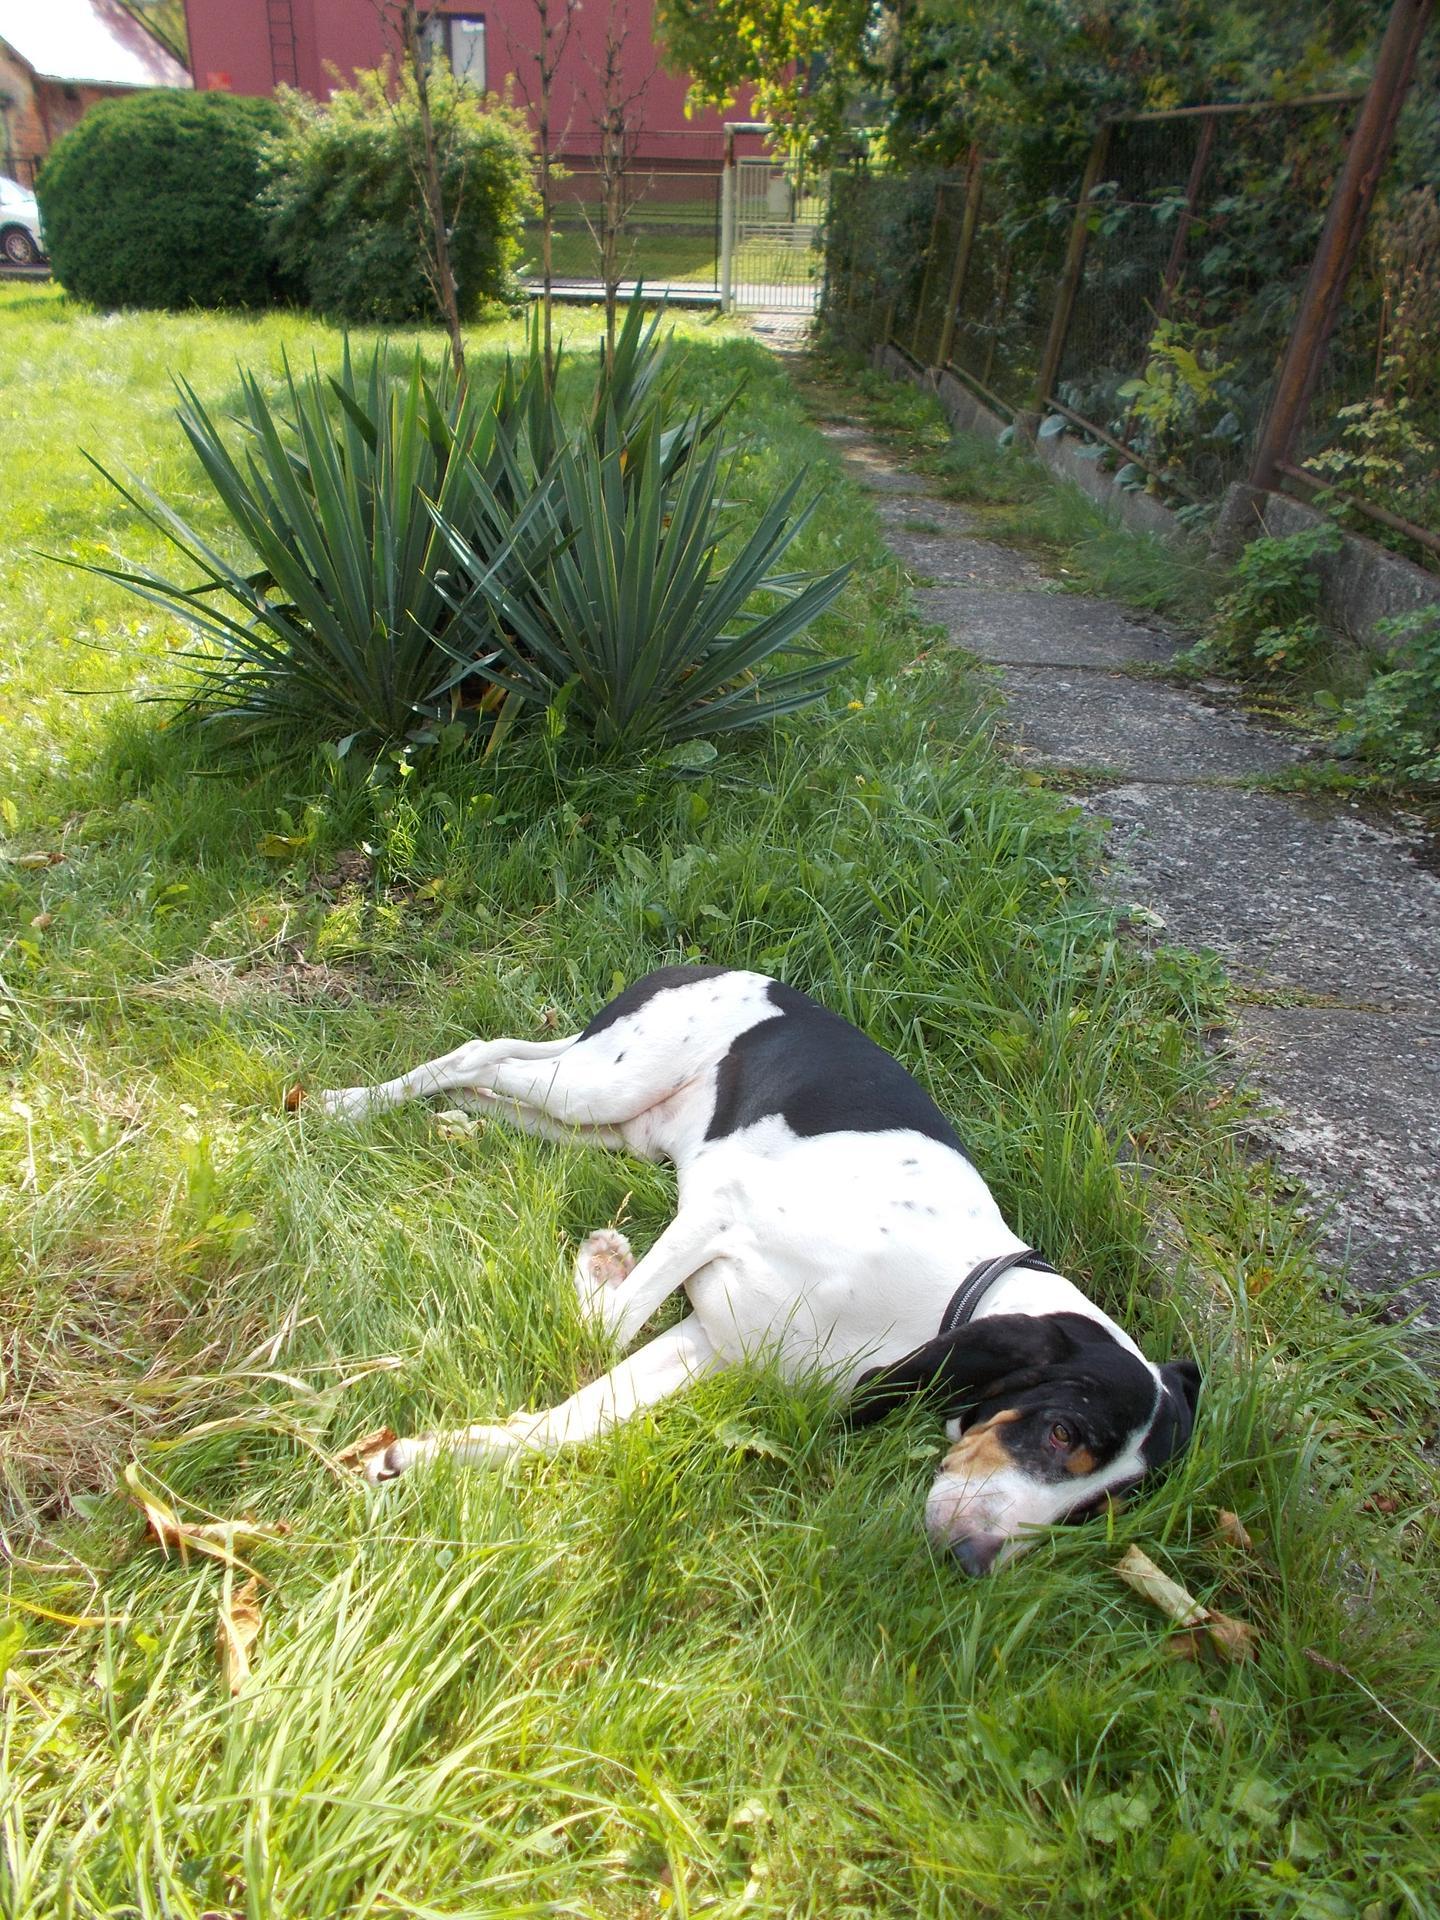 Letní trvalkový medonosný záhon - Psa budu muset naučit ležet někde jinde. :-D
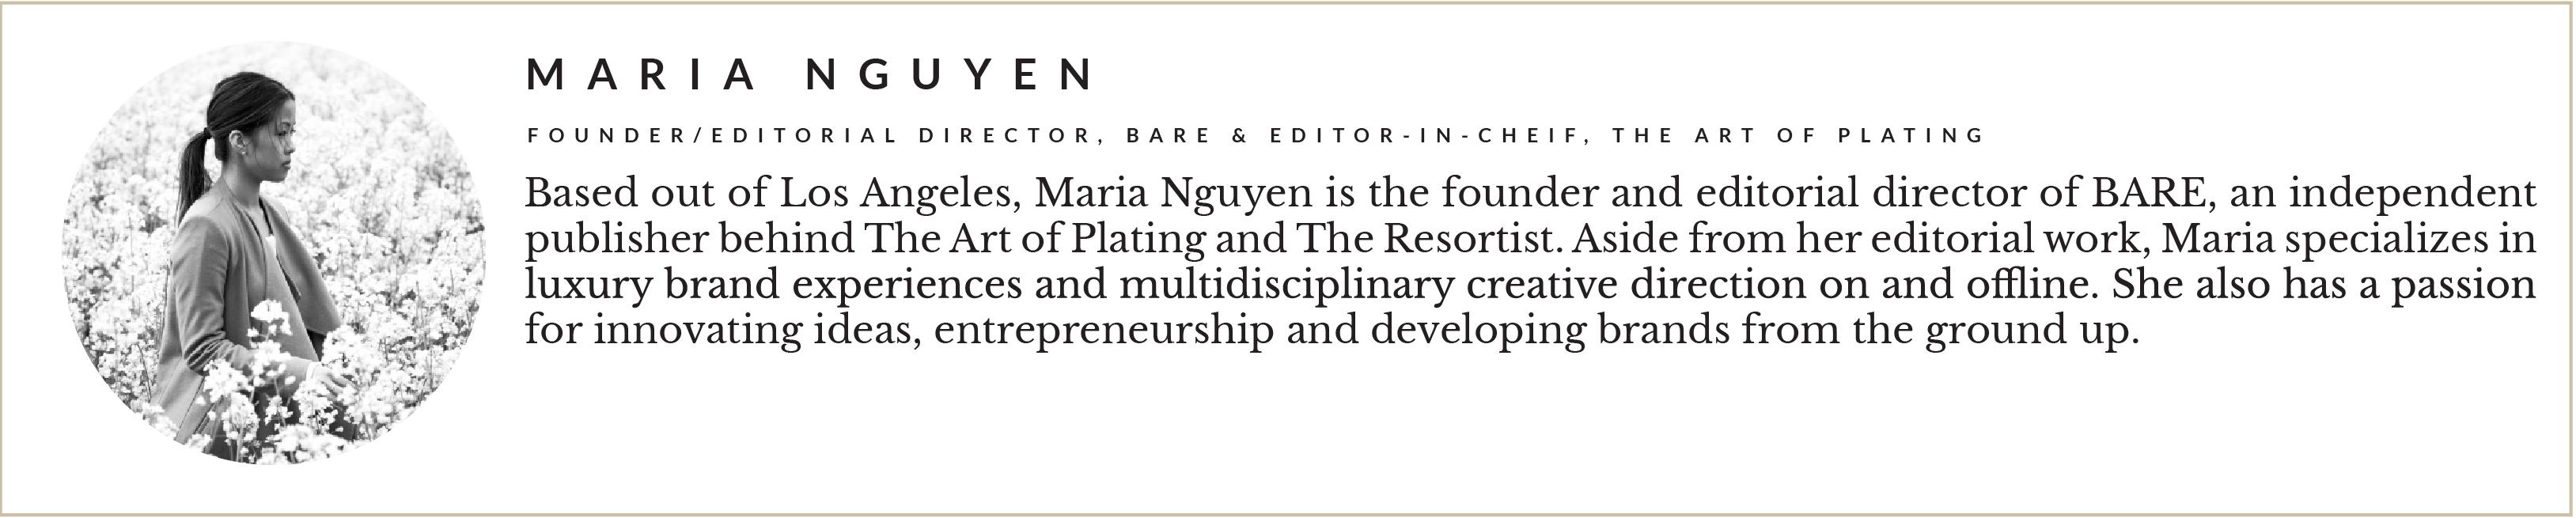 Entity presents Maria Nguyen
==
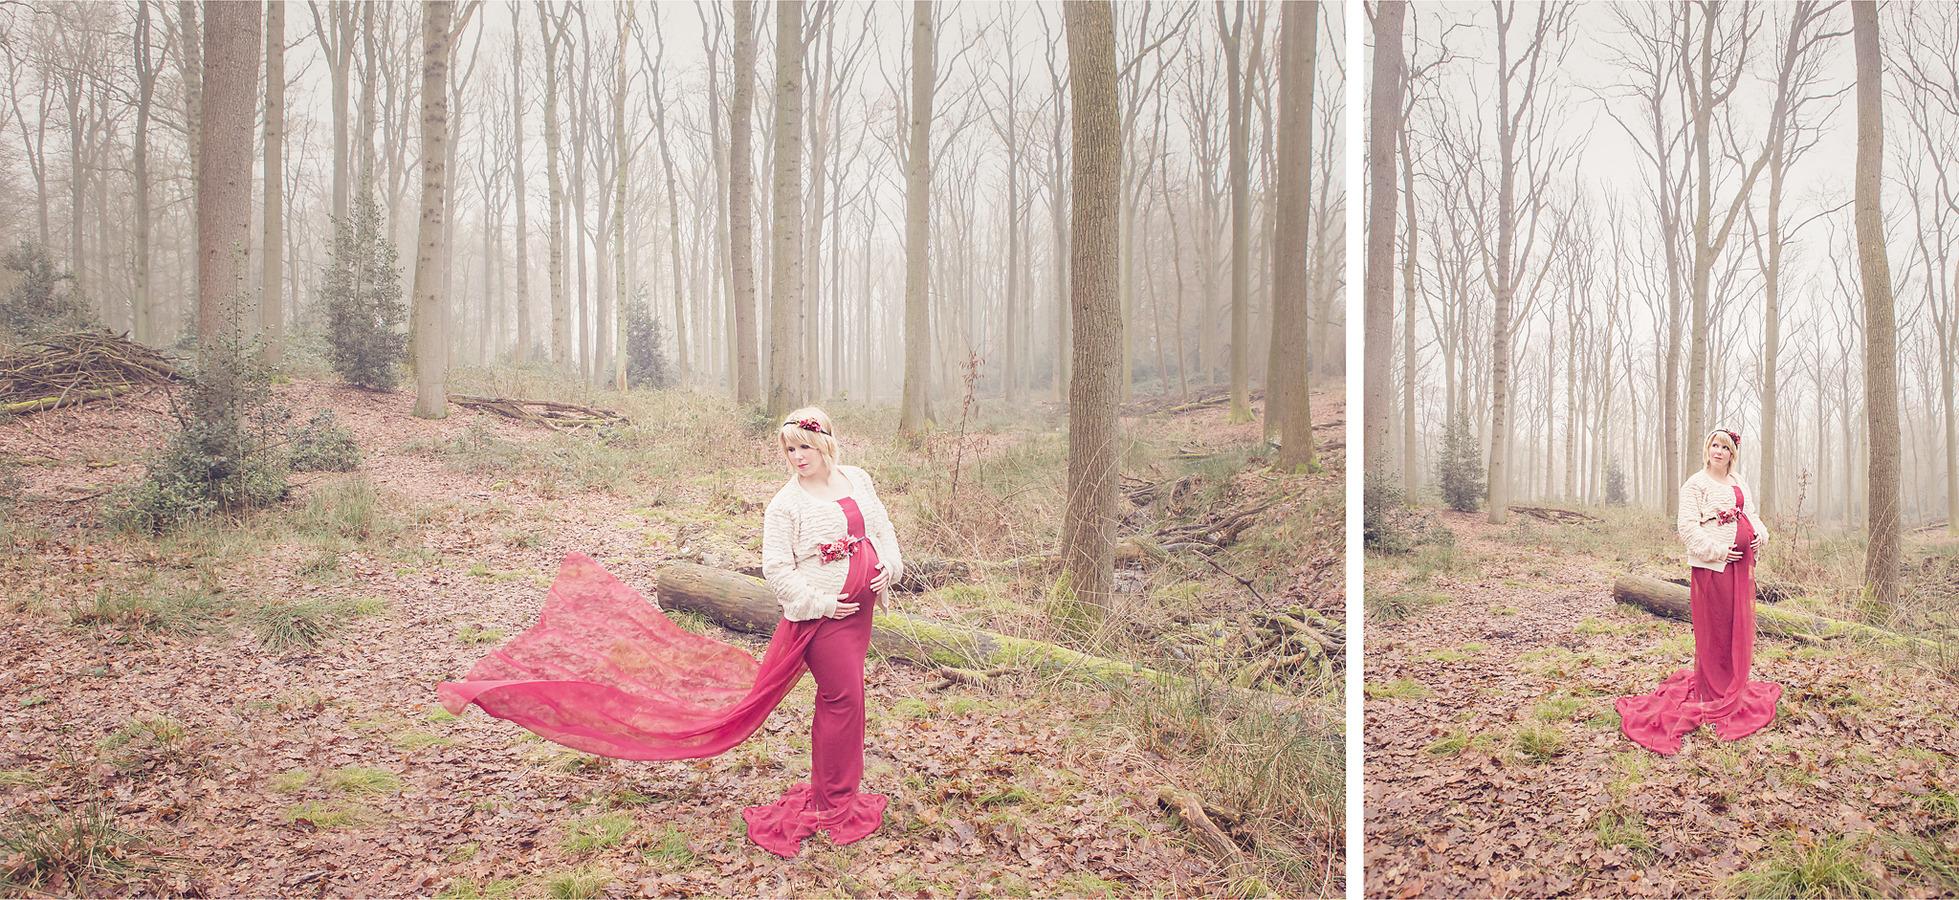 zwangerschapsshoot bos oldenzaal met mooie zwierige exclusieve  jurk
==
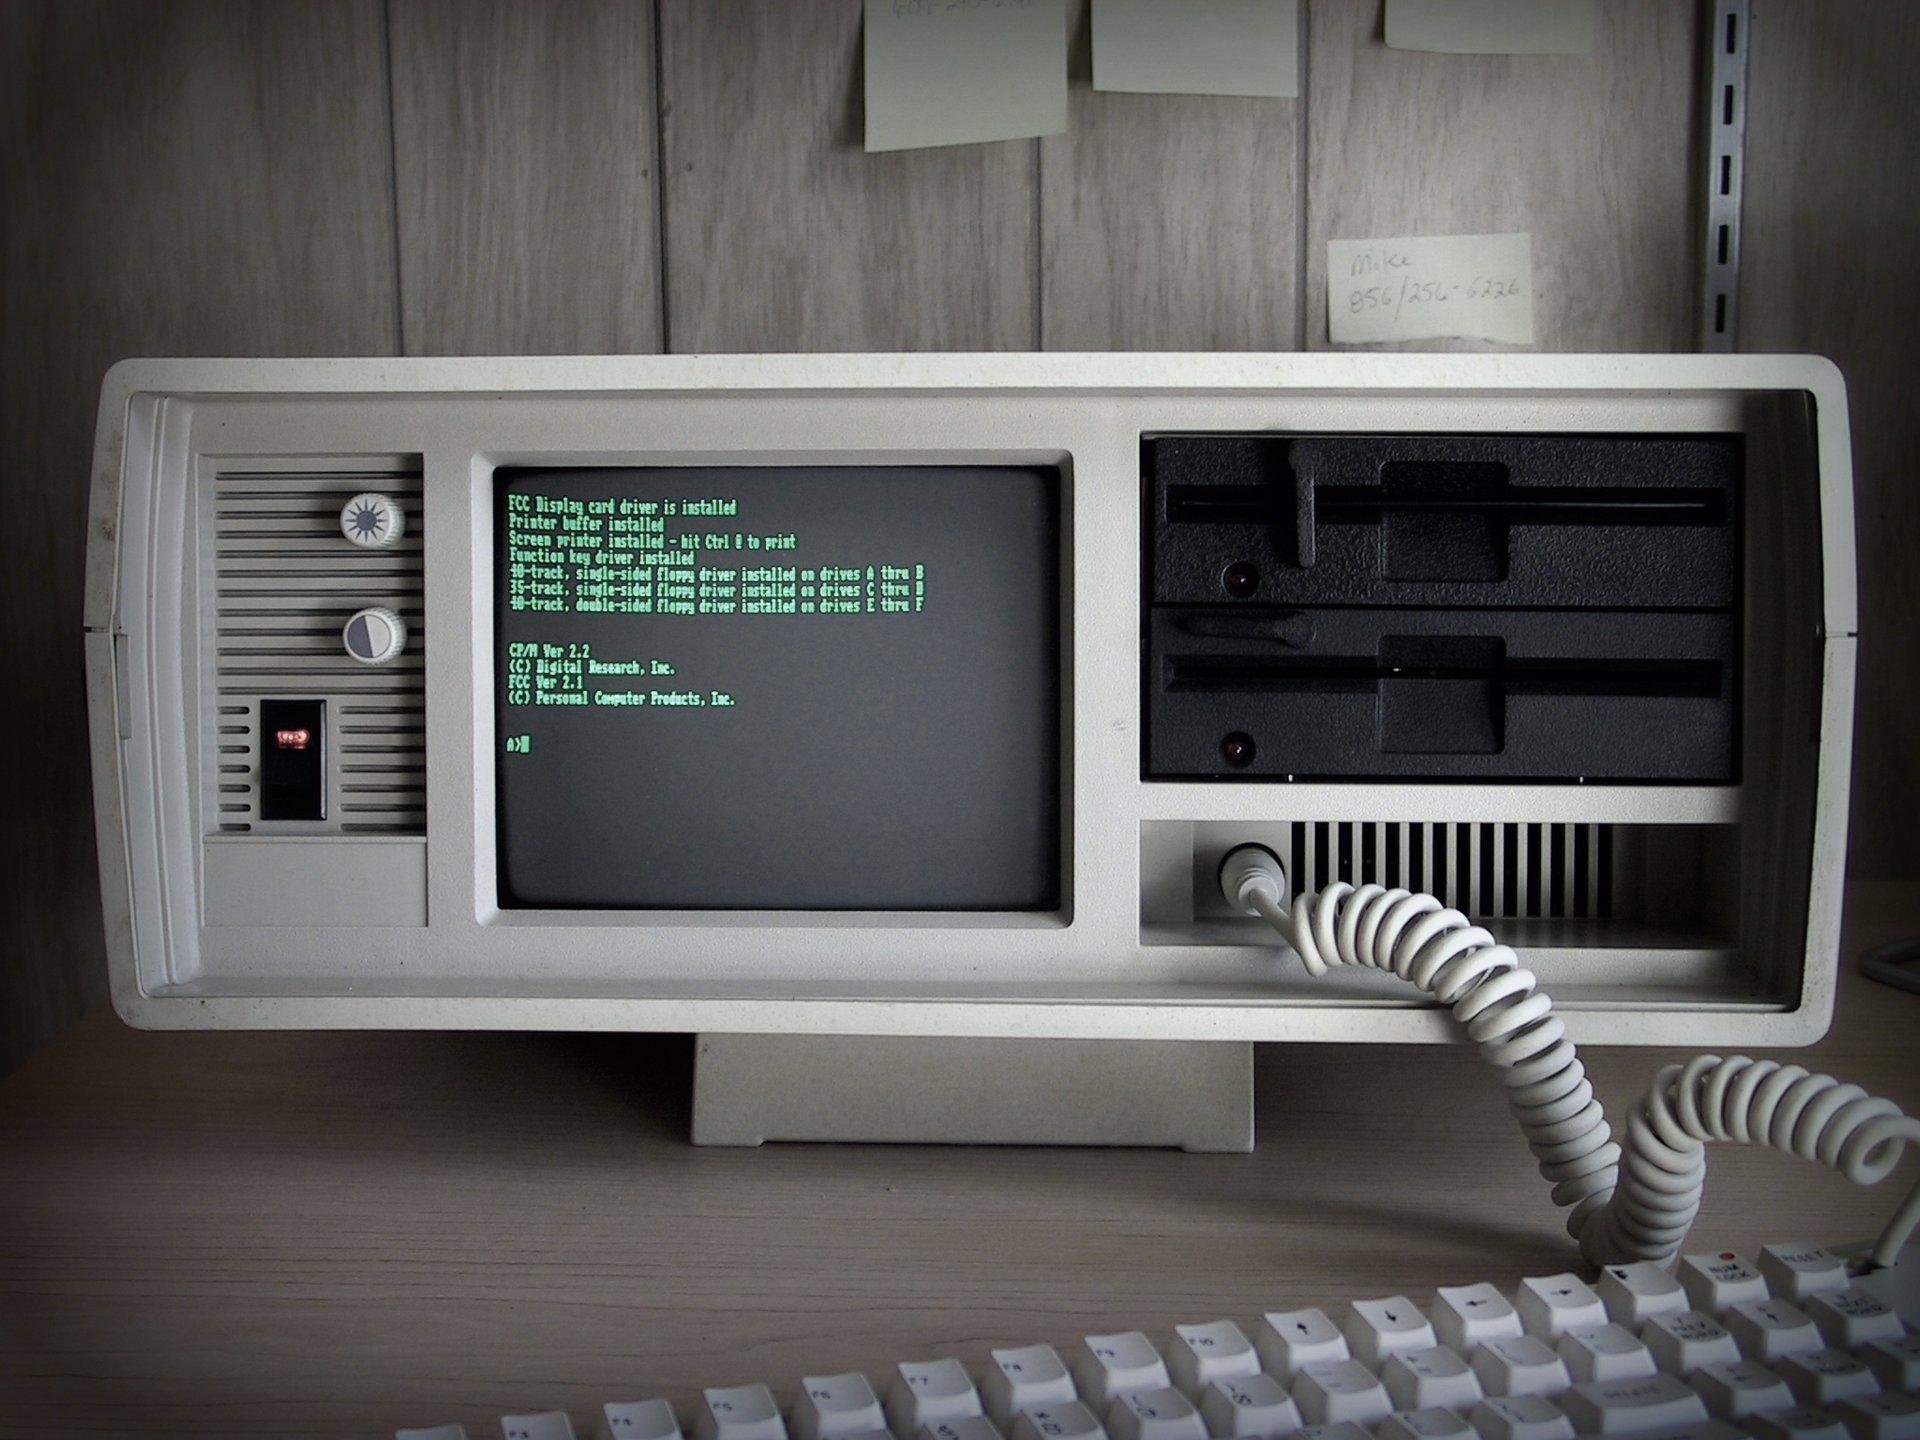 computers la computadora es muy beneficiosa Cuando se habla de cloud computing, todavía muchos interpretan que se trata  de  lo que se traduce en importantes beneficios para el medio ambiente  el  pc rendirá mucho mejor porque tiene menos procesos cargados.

**TASK STATEMENT**
Though the entries above contain pictures, none should be copied; reproduce only the lines between the one holding "Letní trvalkový medonosný" and the one holding "Entity presents Maria Nguyen", inclusive, exactly as written.

**TASK SOLUTION**
 Letní trvalkový medonosný záhon - Psa budu muset naučit ležet někde jinde. :-D
 Entity presents Maria Nguyen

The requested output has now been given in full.